Stored data:
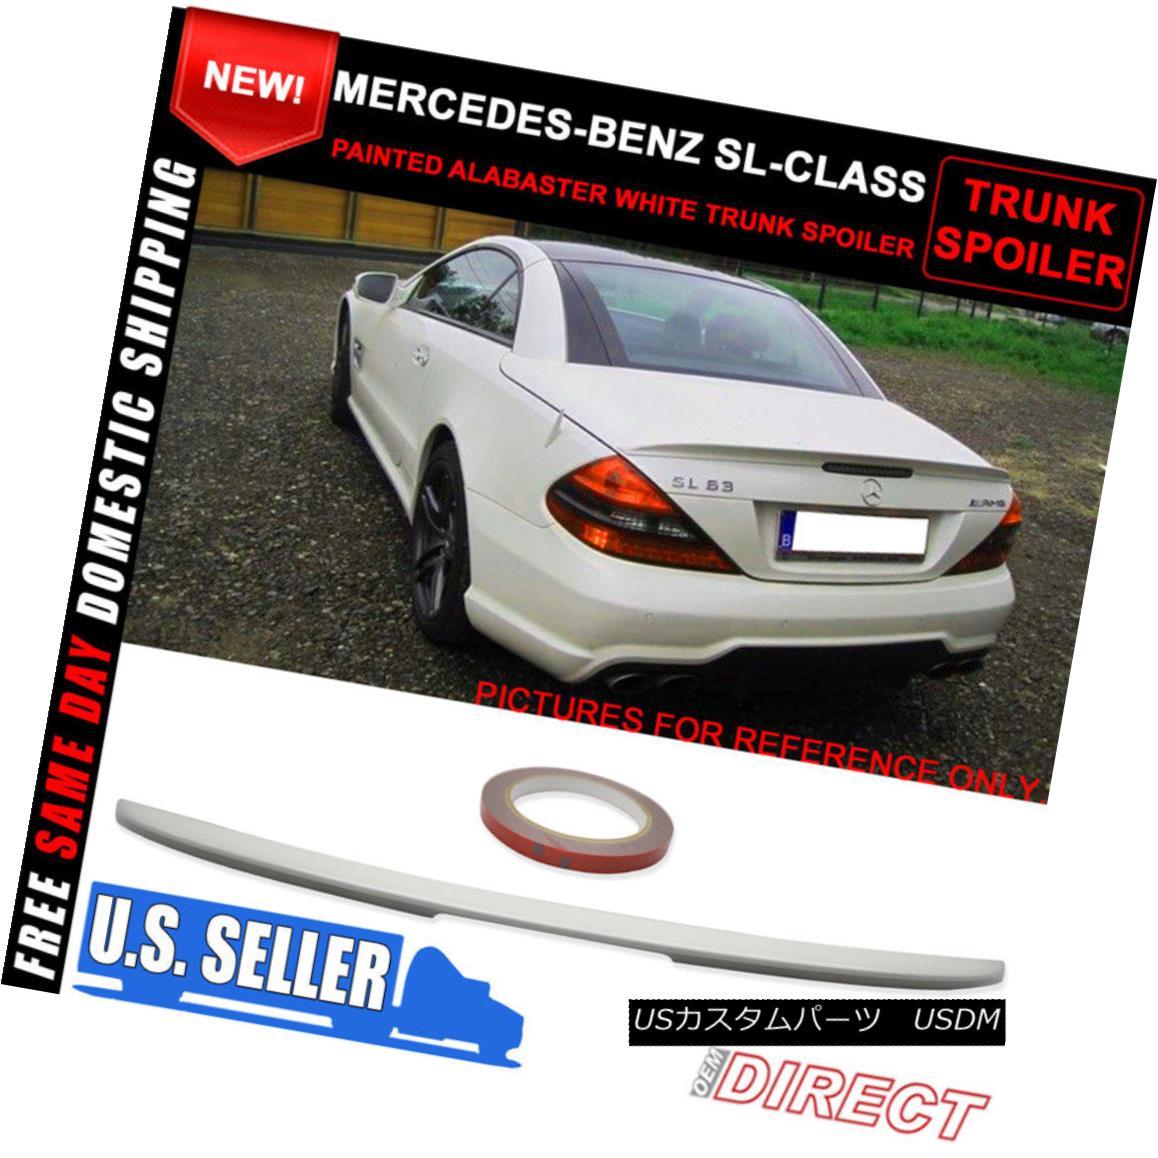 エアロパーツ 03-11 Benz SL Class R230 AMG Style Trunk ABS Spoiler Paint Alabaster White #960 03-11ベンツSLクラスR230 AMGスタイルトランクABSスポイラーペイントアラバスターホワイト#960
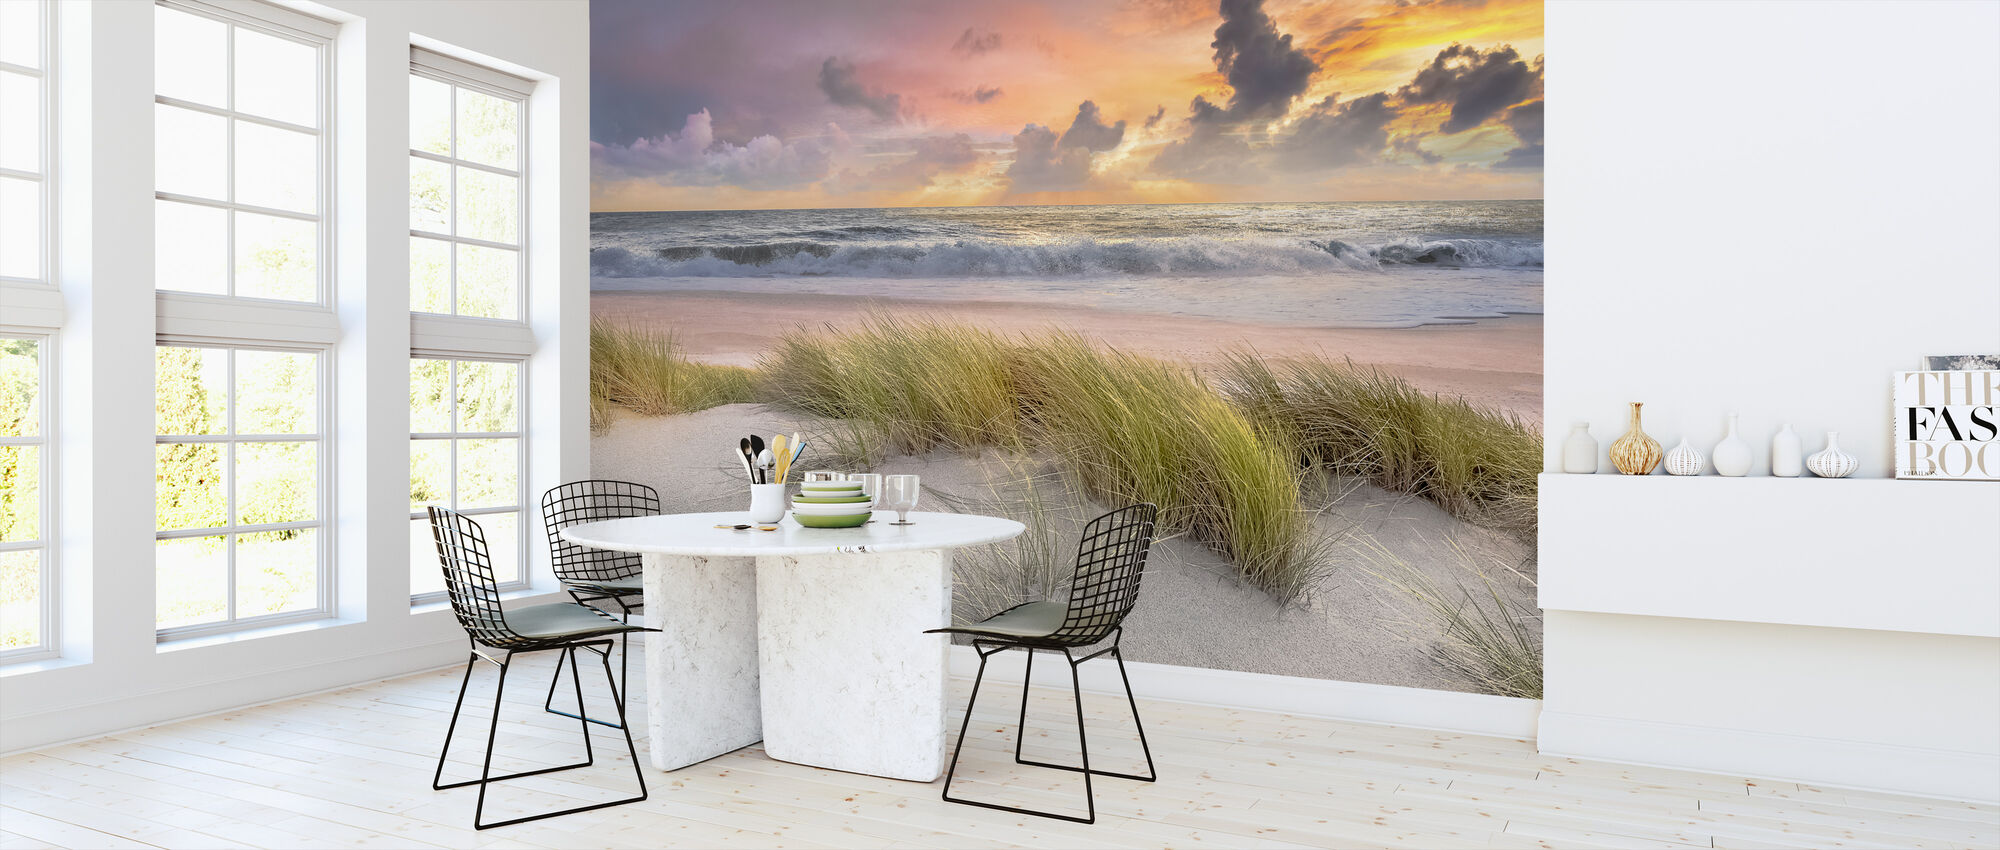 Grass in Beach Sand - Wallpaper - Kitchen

--

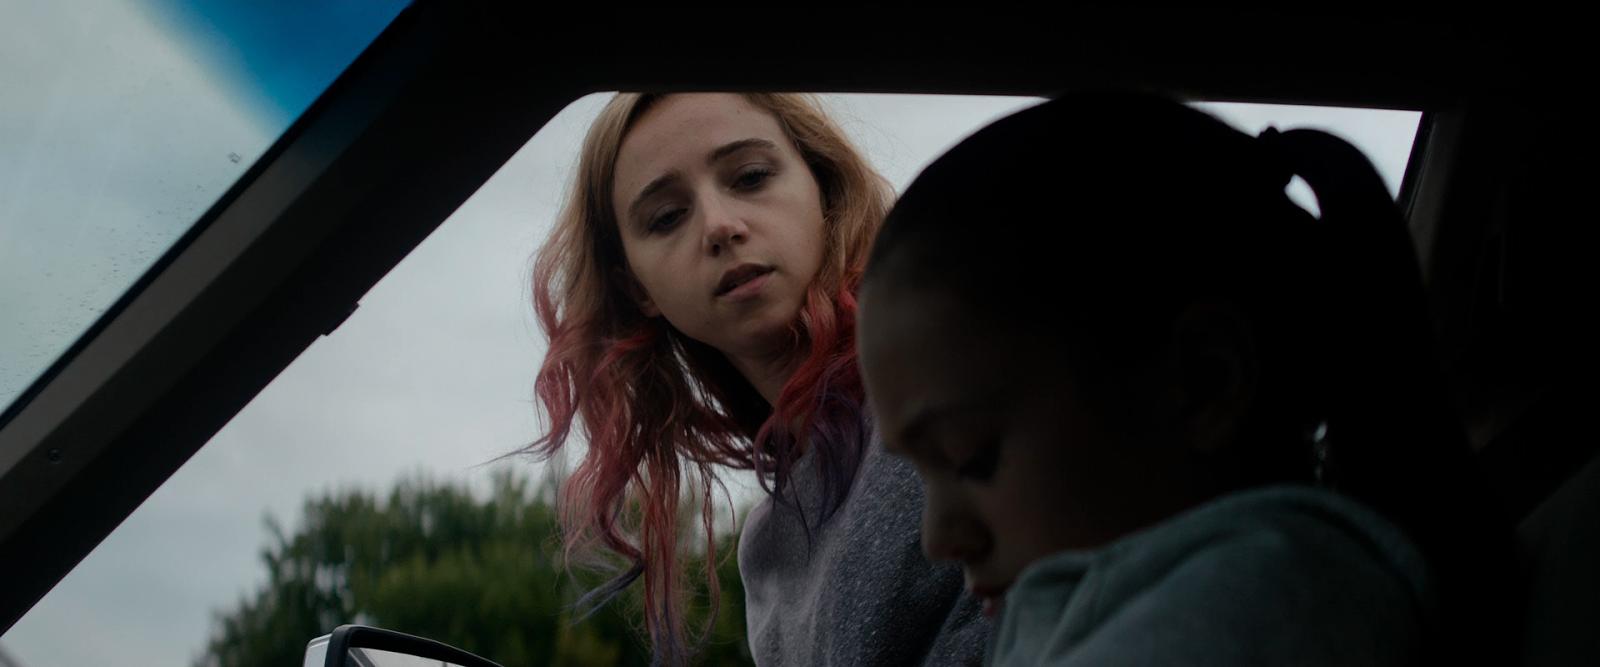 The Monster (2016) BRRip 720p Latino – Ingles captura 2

What is needed: Within the listing above, copy exactly the lines that start at the one with "エアロパーツ 03-11 Benz" and continue through the one with "Grass in Beach Sand - Wallpaper - Kitchen". Omit pictures.

Result of this exercise:
 エアロパーツ 03-11 Benz SL Class R230 AMG Style Trunk ABS Spoiler Paint Alabaster White #960 03-11ベンツSLクラスR230 AMGスタイルトランクABSスポイラーペイントアラバスターホワイト#960
 Grass in Beach Sand - Wallpaper - Kitchen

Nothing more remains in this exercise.